▸ **WORK INSTRUCTION**: Line by line, repeat the data below exactly, beginning at the first line and ending at the line with "Acer VL7860 4K". Omit pictures.

##### DATA SHOWN

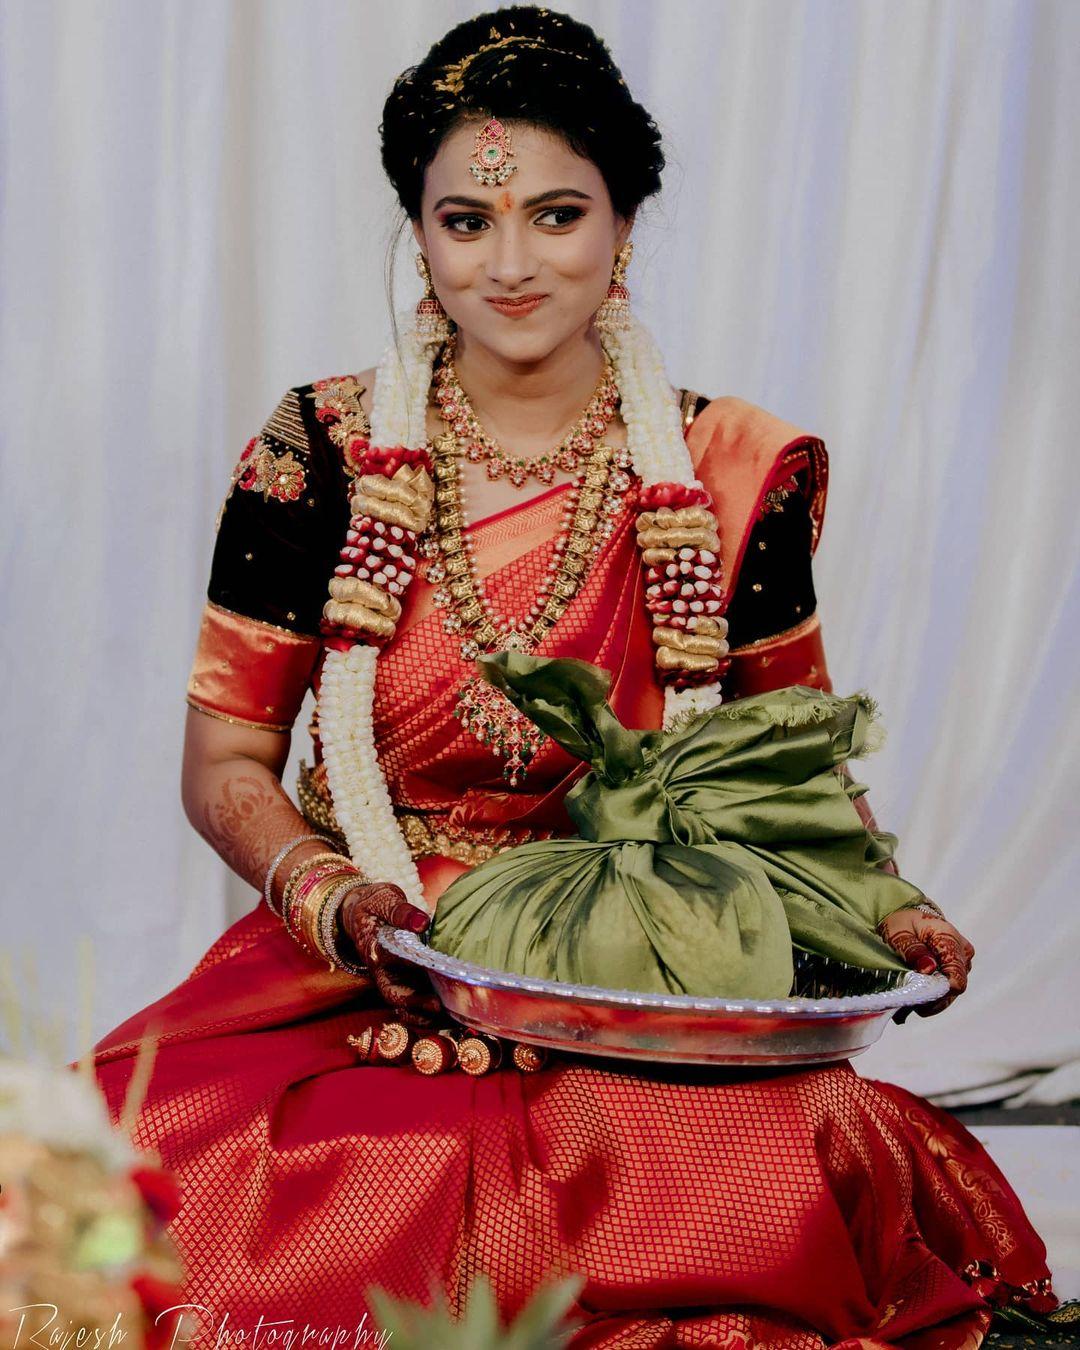 ಚಂದನ್-ಕವಿತಾ ನಿಶ್ಚಿತಾರ್ಥದ ಚಿತ್ರ
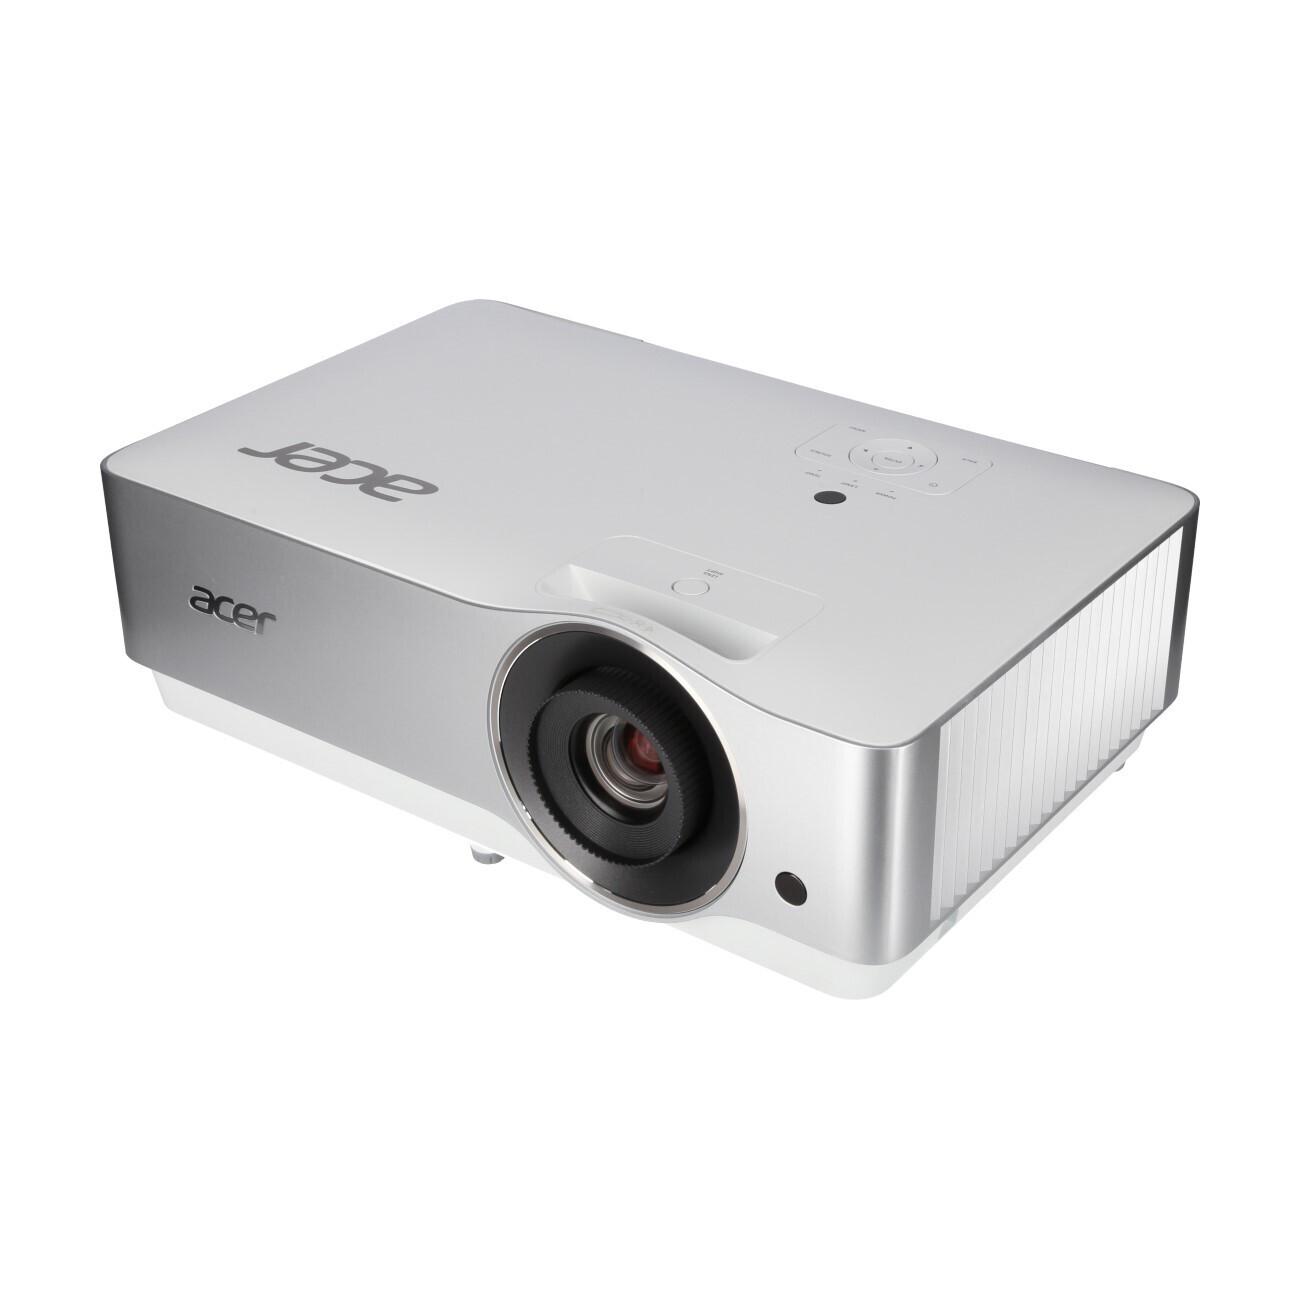 Acer VL7860 4K Beamer mit 3000 ANSI-Lumen und 3840x2160 Auflösung
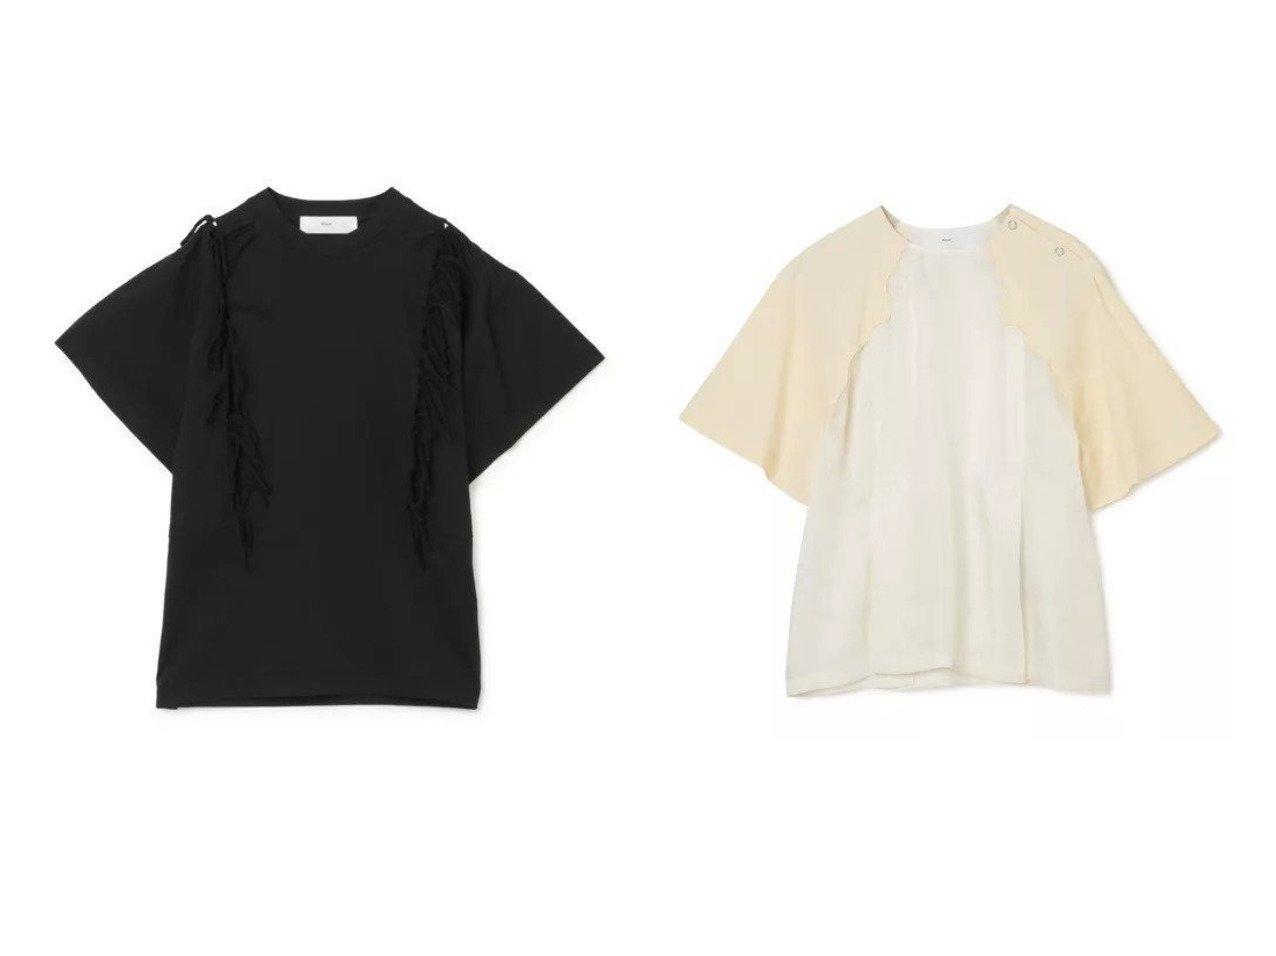 【TOGA PULLA/トーガ プルラ】のFringe jersey T-shirt&Rayon twill western top おすすめ!人気、トレンド・レディースファッションの通販  おすすめで人気の流行・トレンド、ファッションの通販商品 メンズファッション・キッズファッション・インテリア・家具・レディースファッション・服の通販 founy(ファニー) https://founy.com/ ファッション Fashion レディースファッション WOMEN トップス・カットソー Tops/Tshirt シャツ/ブラウス Shirts/Blouses ロング / Tシャツ T-Shirts カットソー Cut and Sewn 2021年 2021 2021春夏・S/S SS/Spring/Summer/2021 S/S・春夏 SS・Spring/Summer カットソー ジャージー フォルム フリンジ 半袖 洗える ウエスタン キュプラ コンビ スリーブ |ID:crp329100000026022
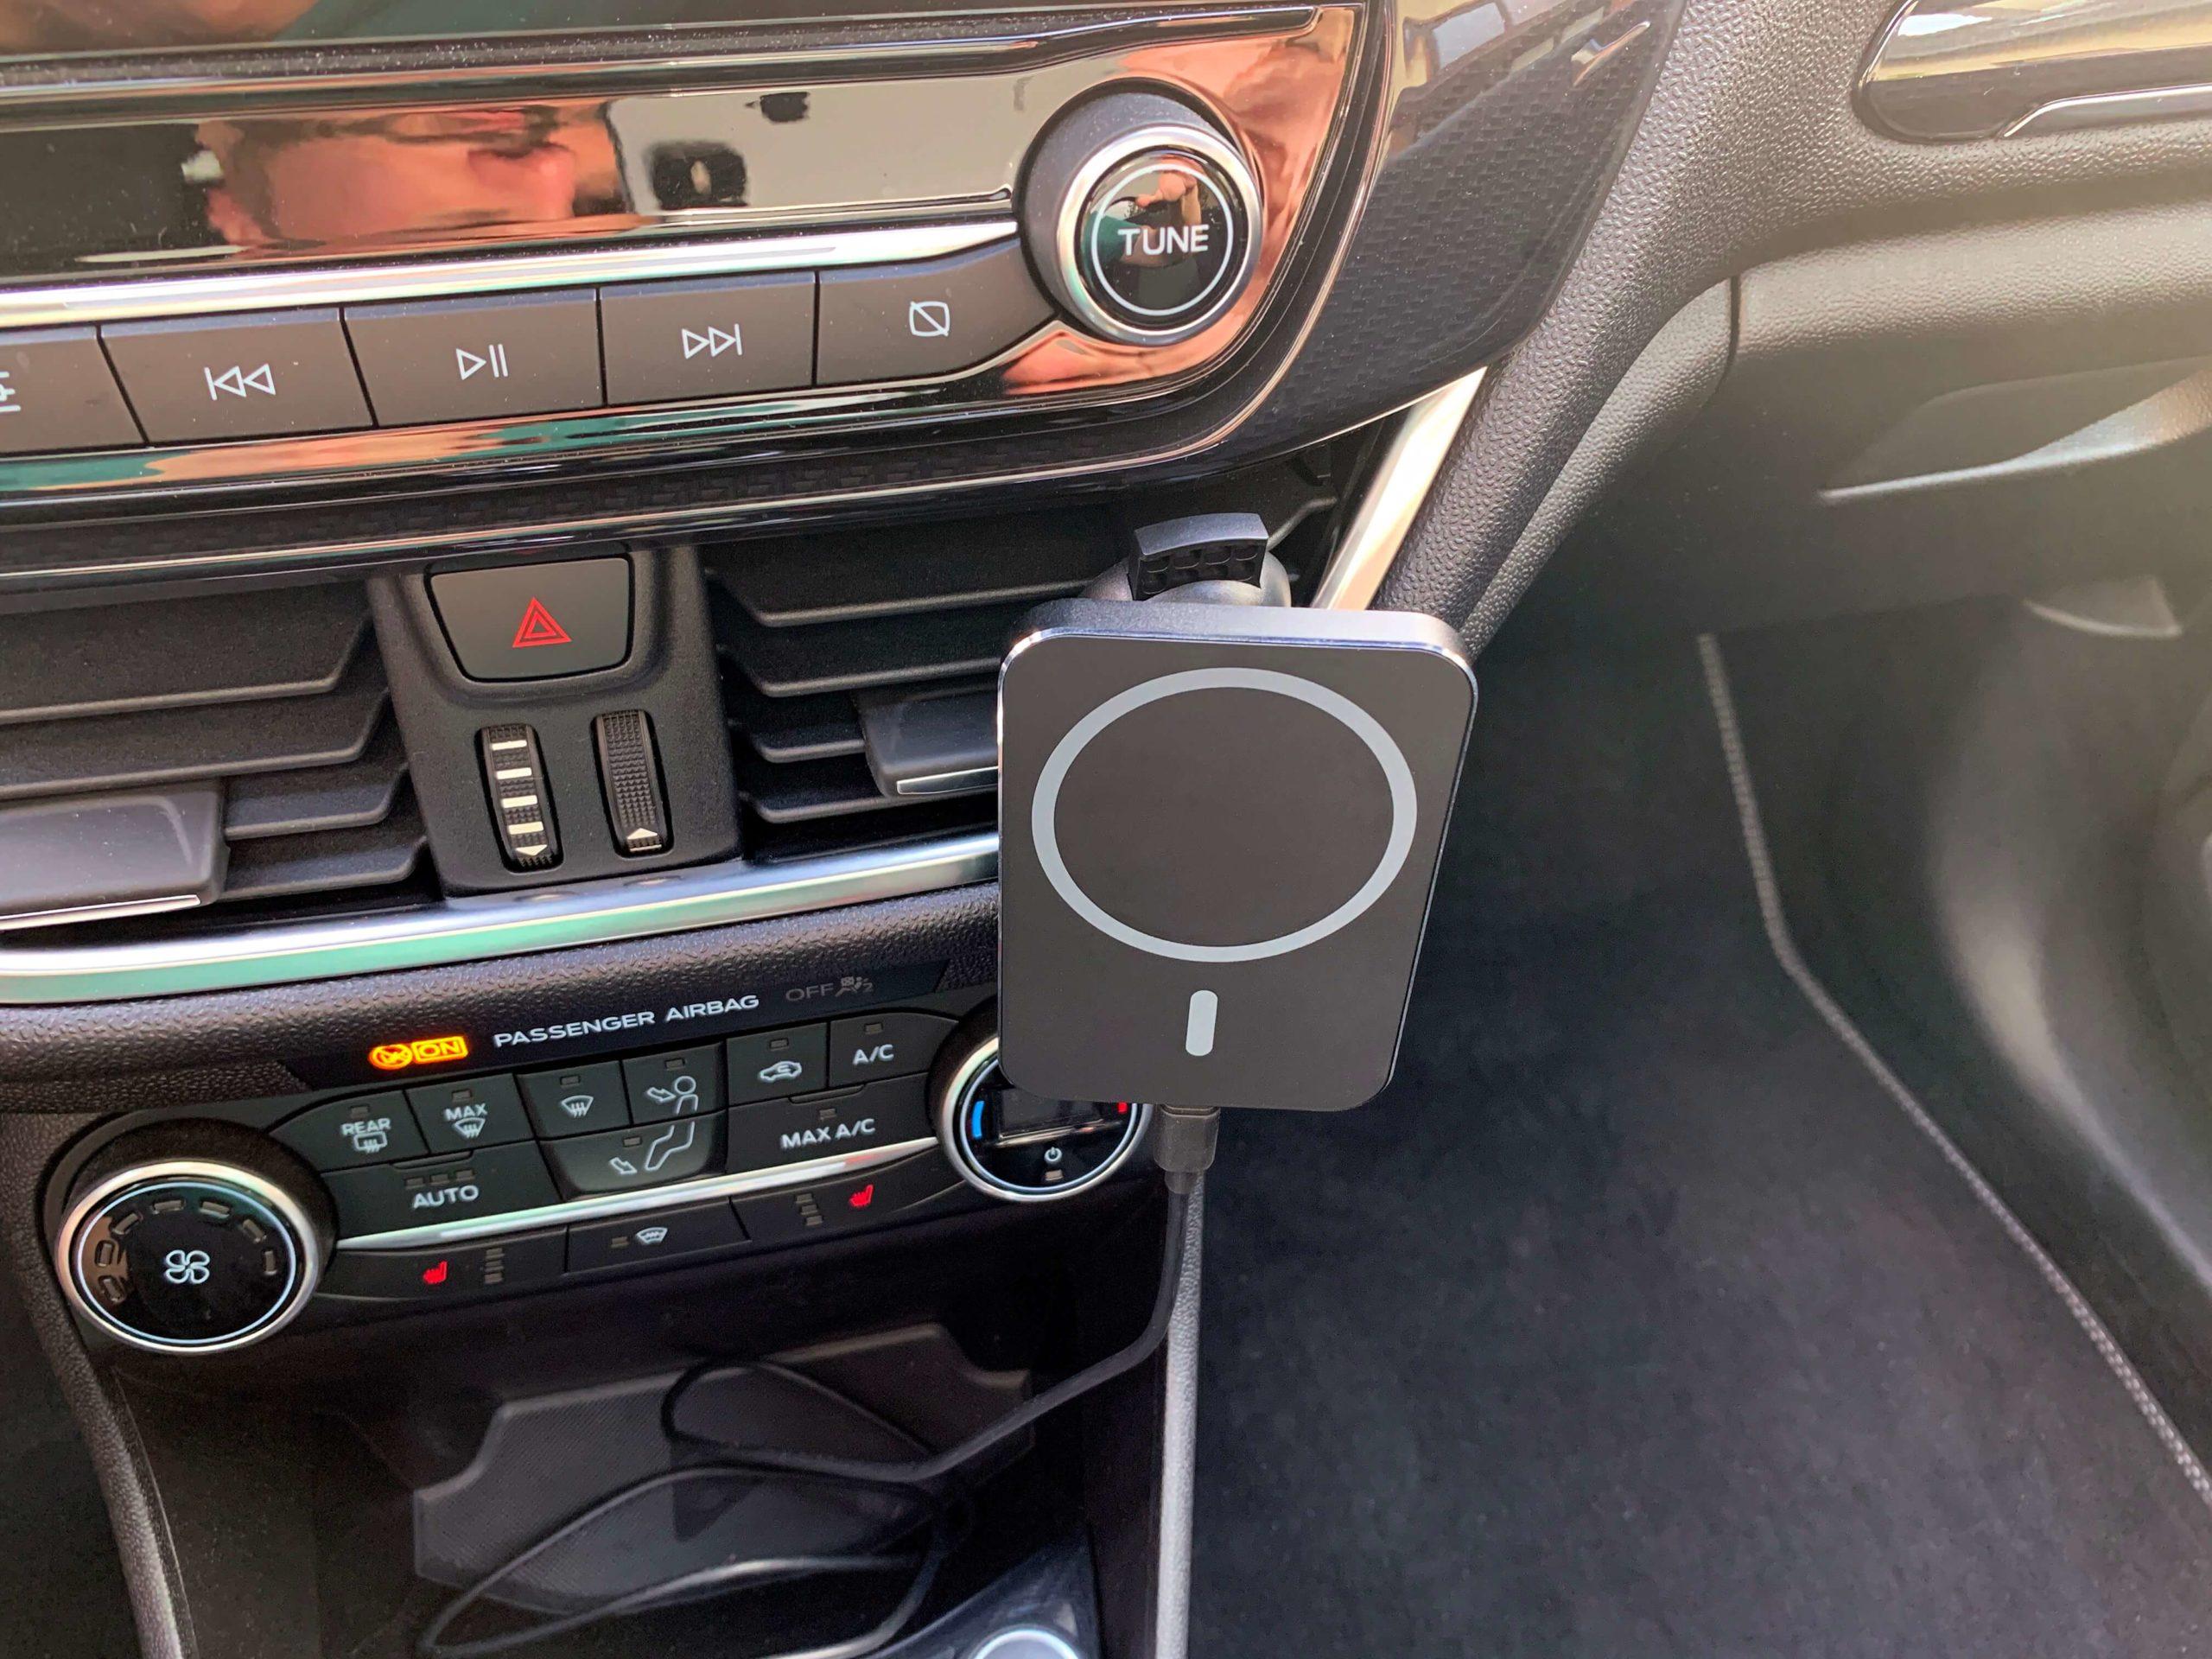 Drahtlos-das-iPhone-im-Auto-via-MagSafe-aufladen-einfach-und-fuer-jeden4-scaled Drahtlos das iPhone im Auto via MagSafe aufladen

##########

▸ **SOLUTION**:
 ಚಂದನ್-ಕವಿತಾ ನಿಶ್ಚಿತಾರ್ಥದ ಚಿತ್ರ
 Acer VL7860 4K Beamer mit 3000 ANSI-Lumen und 3840x2160 Auflösung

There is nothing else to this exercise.